WHAT IS NEEDED:
Please return the listing below word for word, minus its pictures.

DATASET CONTENT:
-- Opening Marker --
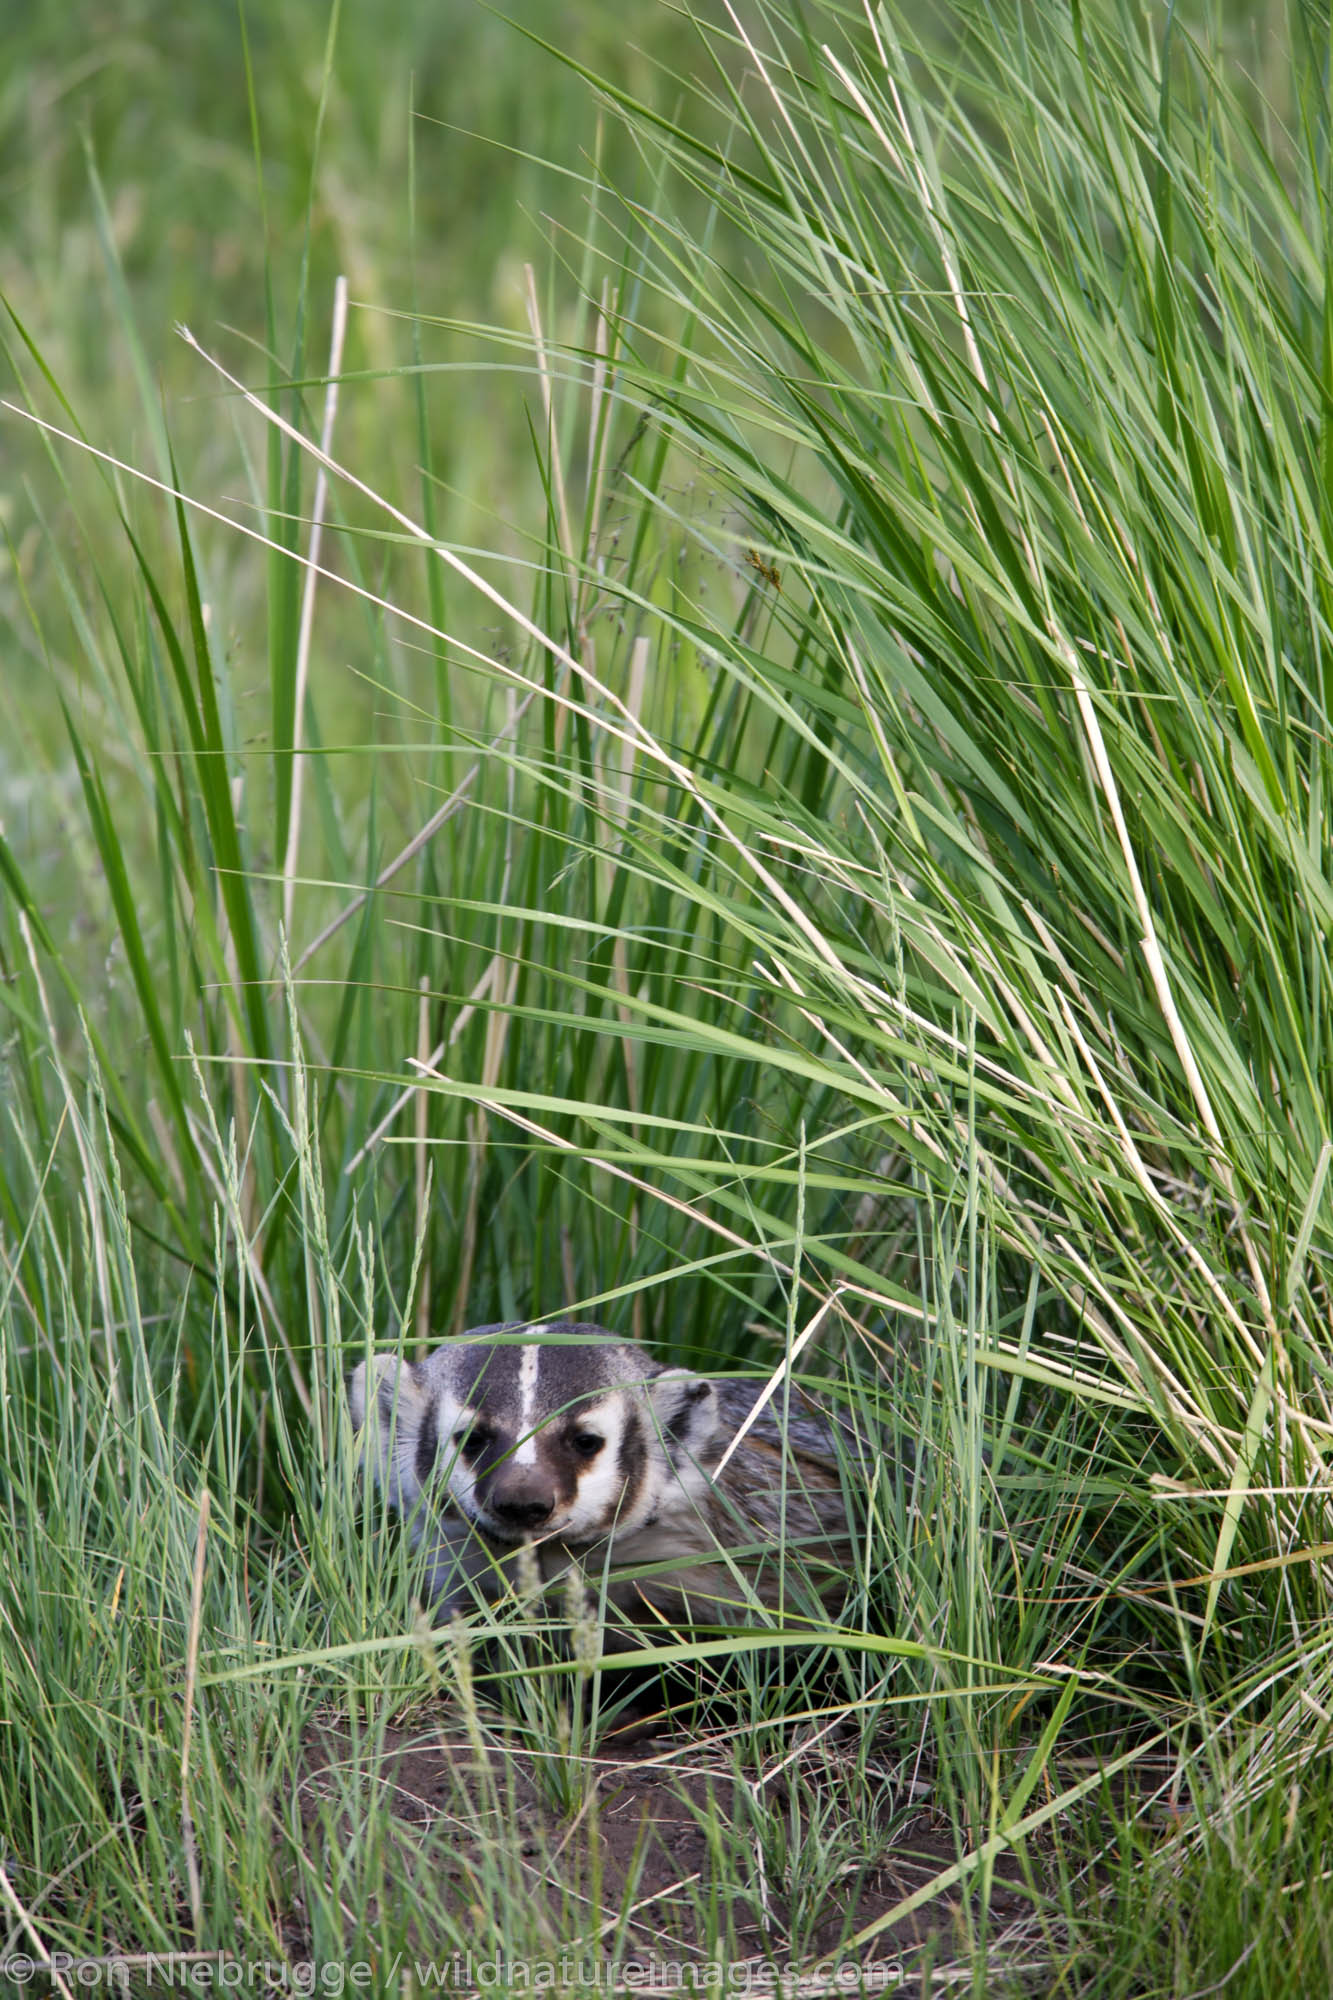 A Badger, Yellowstone National Park, Wyoming.
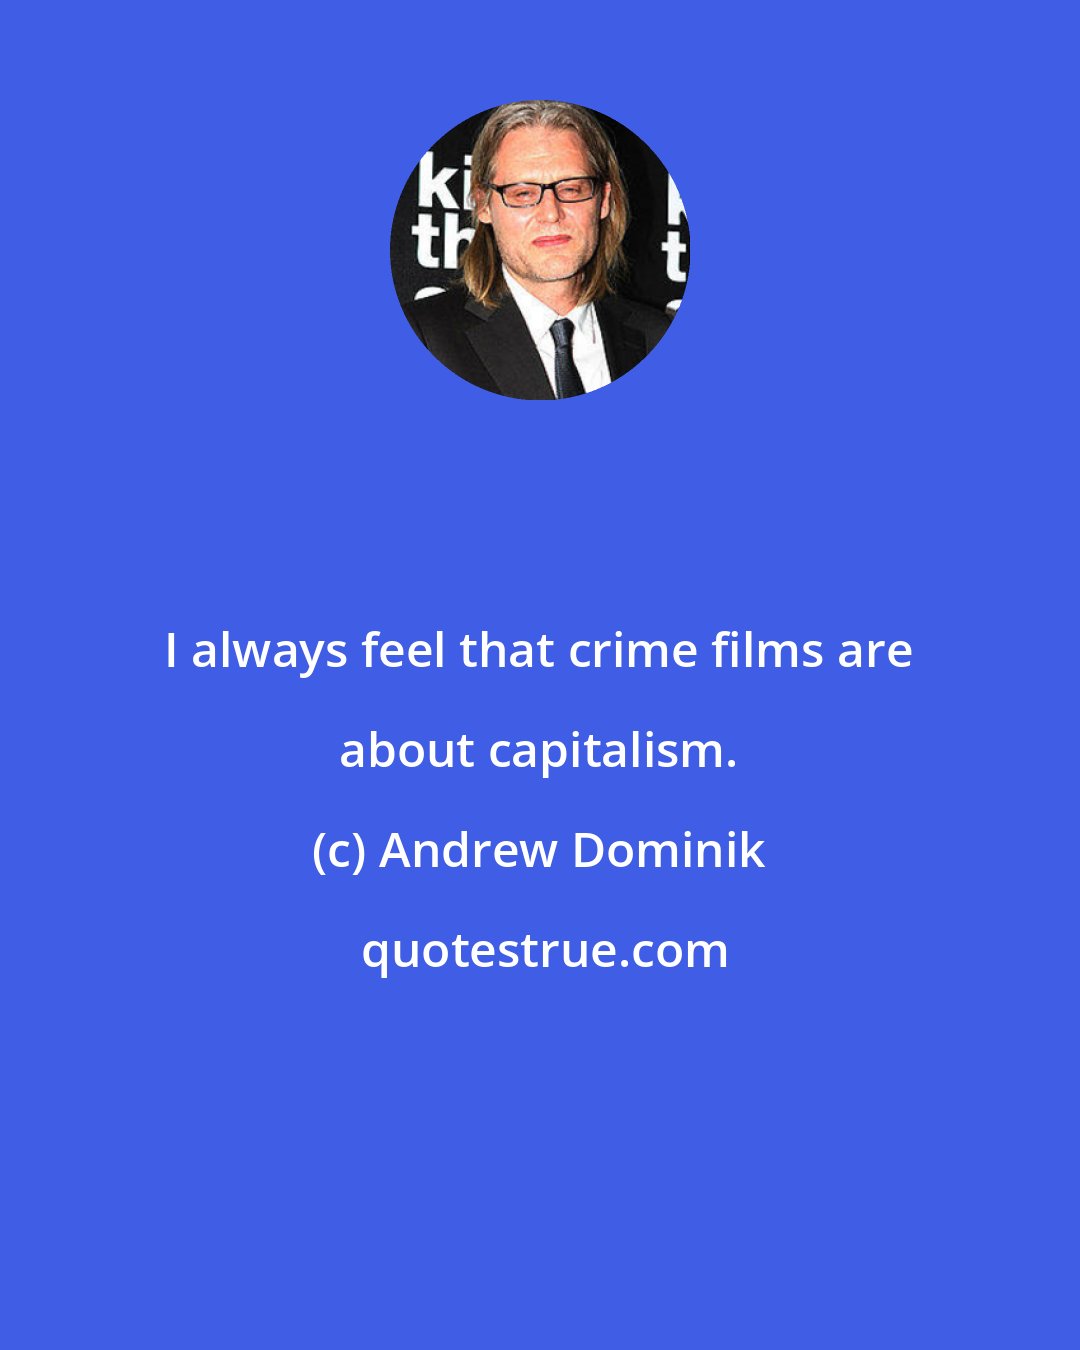 Andrew Dominik: I always feel that crime films are about capitalism.
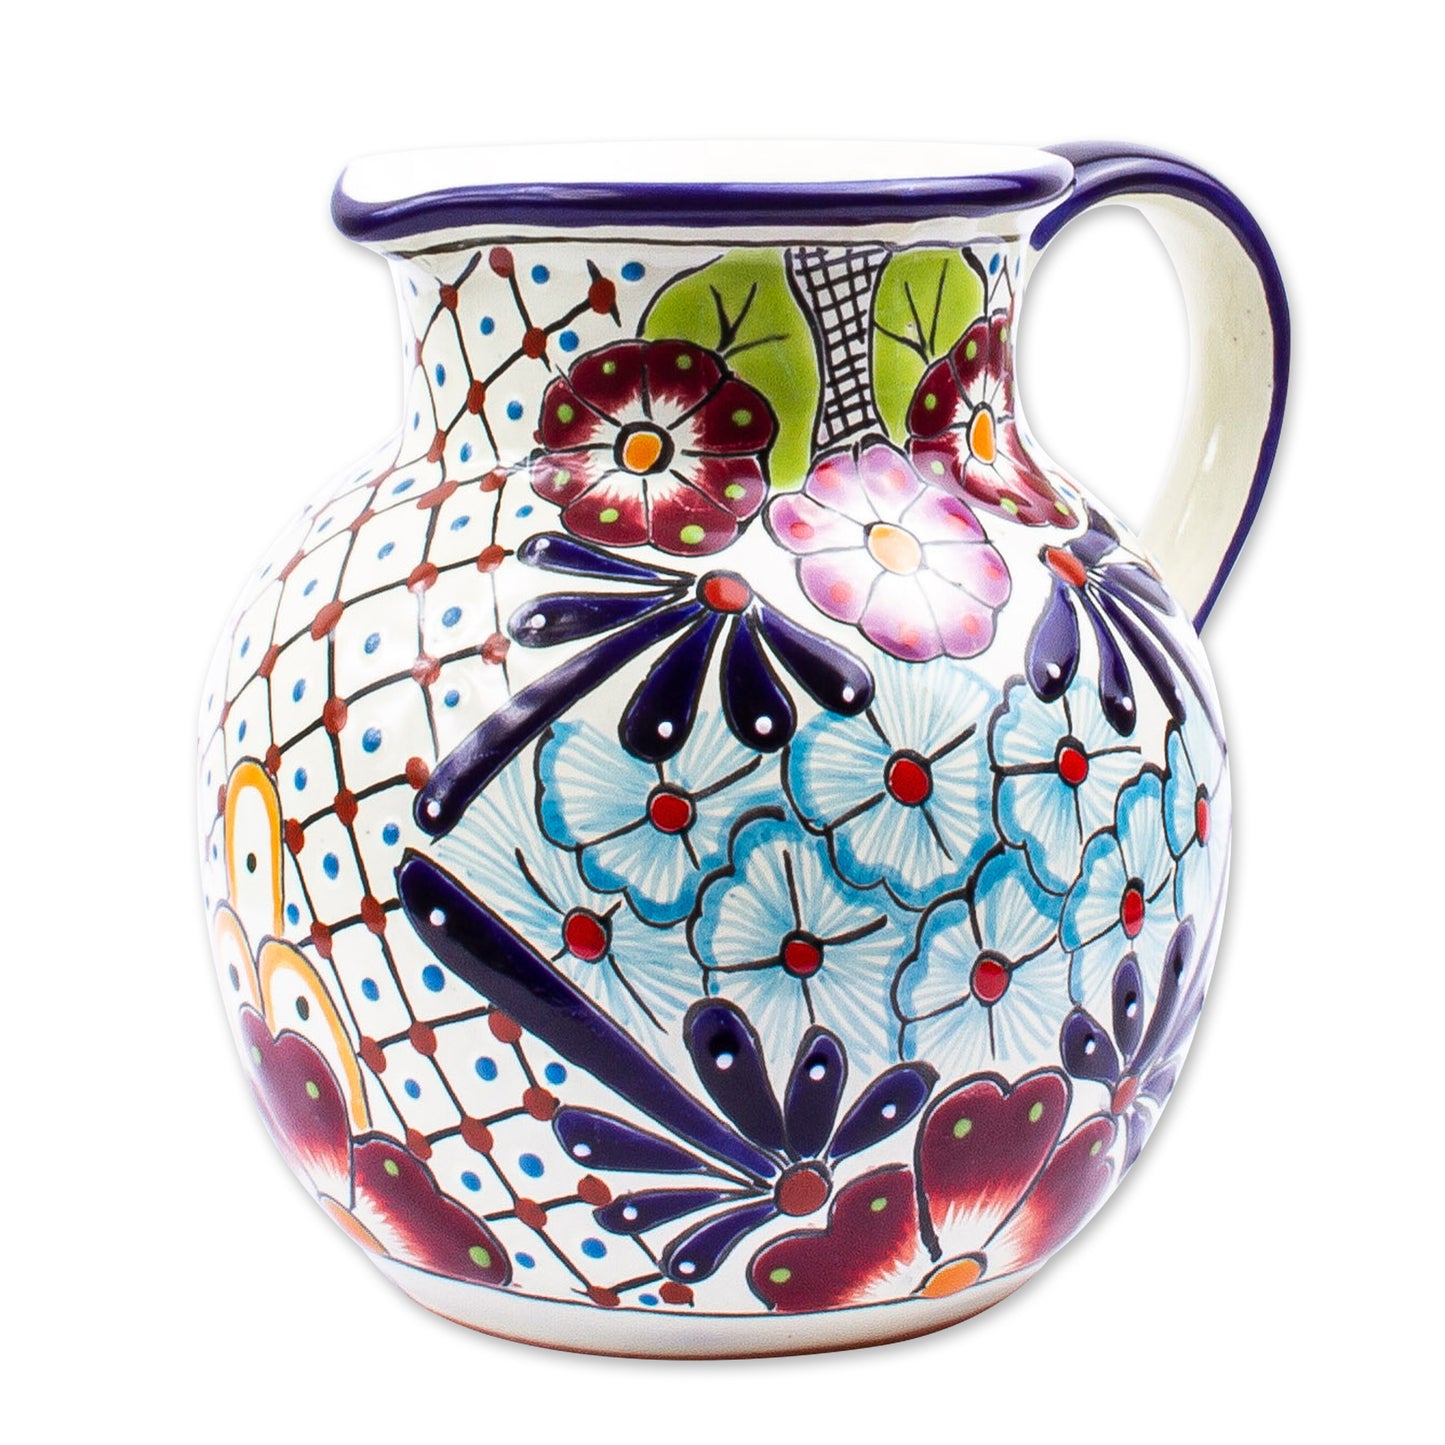 Colors of Mexico Colorful Talavera-style Ceramic Pitcher
-- Closing Marker --
REPLY TO THE TASK:
 A Badger, Yellowstone National Park, Wyoming.
 Andrew Dominik: I always feel that crime films are about capitalism.
 Colors of Mexico Colorful Talavera-style Ceramic Pitcher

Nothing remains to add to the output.